Early childhood teacher Ruth Nemakanga helps Patience Chipakatira learn to use a desktop computer at the United Methodist Hartzell Central Primary School in Mutare, Zimbabwe. A grant from the United Methodist Board of Global Ministries funded 10 desktop computers that will serve 173 students. Photo by Kudzai Chingwe, UM News.
By Kudzai Chingwe
Oct. 28, 2021 | MUTARE, Zimbabwe (UM News)
Around the world, the COVID-19 pandemic has ushered in a new normal in education as students have become conversant with technology to access online lessons. Hartzell Central Primary School in Zimbabwe’s Mutasa Nyanga District is a case in point.
Tendai Rebecca Gurupira, coordinates the Ministry of Women, Children and Youth. She said the computers would enable even the youngest children to join the rapidly changing world of technology.
“COVID-19 has transformed the education system for all students into digitalization,” she said. “For them to access online lessons,” she said,” one has to be familiar with information technology.”

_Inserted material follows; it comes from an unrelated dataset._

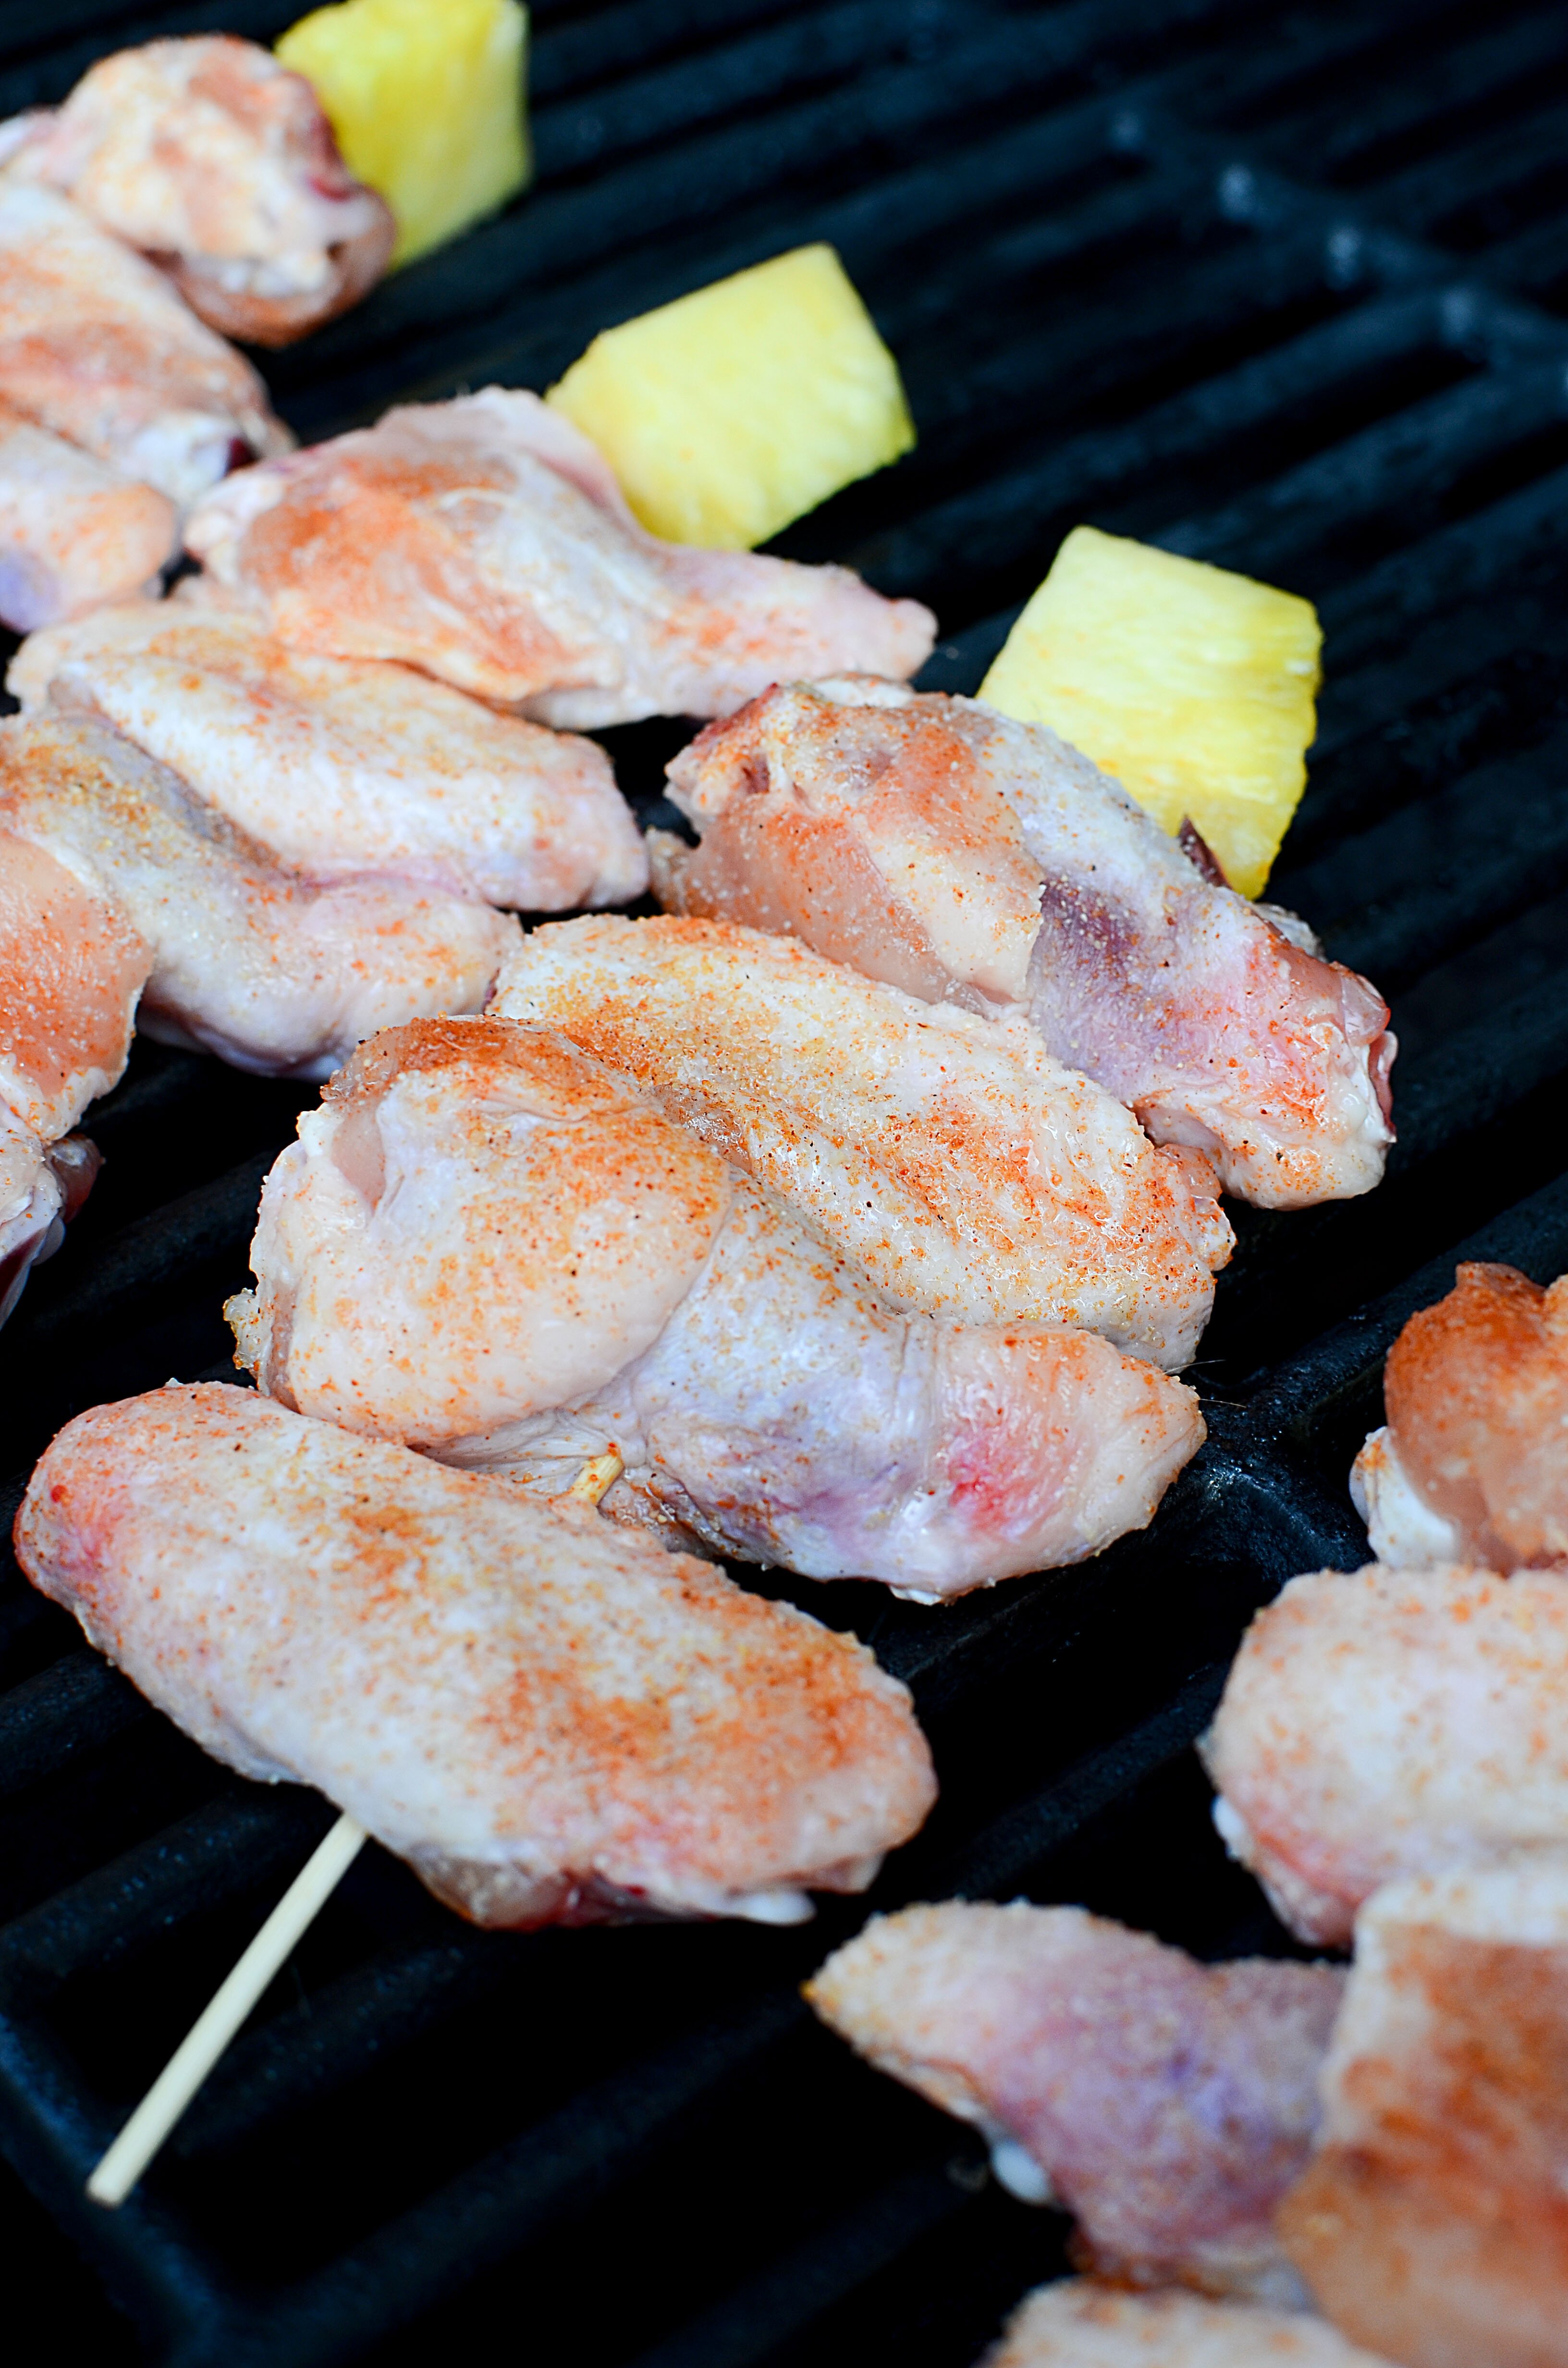 The raw skewered wngs on the grill.

The Rev. Munyaradzi Timire, Zimbabwe East Conference education secretary, agreed.
“This will enable them to catch up with the moving world of technology,” he said. “The ratio per computer should at least be one computer to two students, although a one-to-one ratio would be the most ideal.
“Because of limited resources, we have to start with 10 computers for 173 students, but my wish is that by 2025, all schools must be fully computerized.”
Headmistress Eugenia Mudede said the donation already has transformed the Early Childhood Department.
“It is an answer to our prayers, a dream come true,” she said. “Indeed, God is good. To God be the glory and blessings be poured to the givers.”
Mudede said the 10 computers would greatly enhance the education process.
“Teaching-learning will become effective and inclusive,” she said. “Two languages will easily be mastered as they listen and view storytelling, thereby improving concept mastery. Performance of facilitators and learners will improve dramatically.”
While internet connectivity broadens education, a new challenge is the cost. She noted that Hartzell has big plans for the future, including construction of four more standard early childhood education classrooms and a safe outdoor play area, as well as purchases of more computers, projectors, whiteboards and markers, toys and sports equipment.
“It is recommended that children start to learn information communication technology informally as soon as they are able to hold IT tools at home,” said Mudede, “then formally as soon as they enroll at preschool from 1 year to 3 years.”
At age 4, they enroll in early childhood education, according to the Primary ICT syllabus.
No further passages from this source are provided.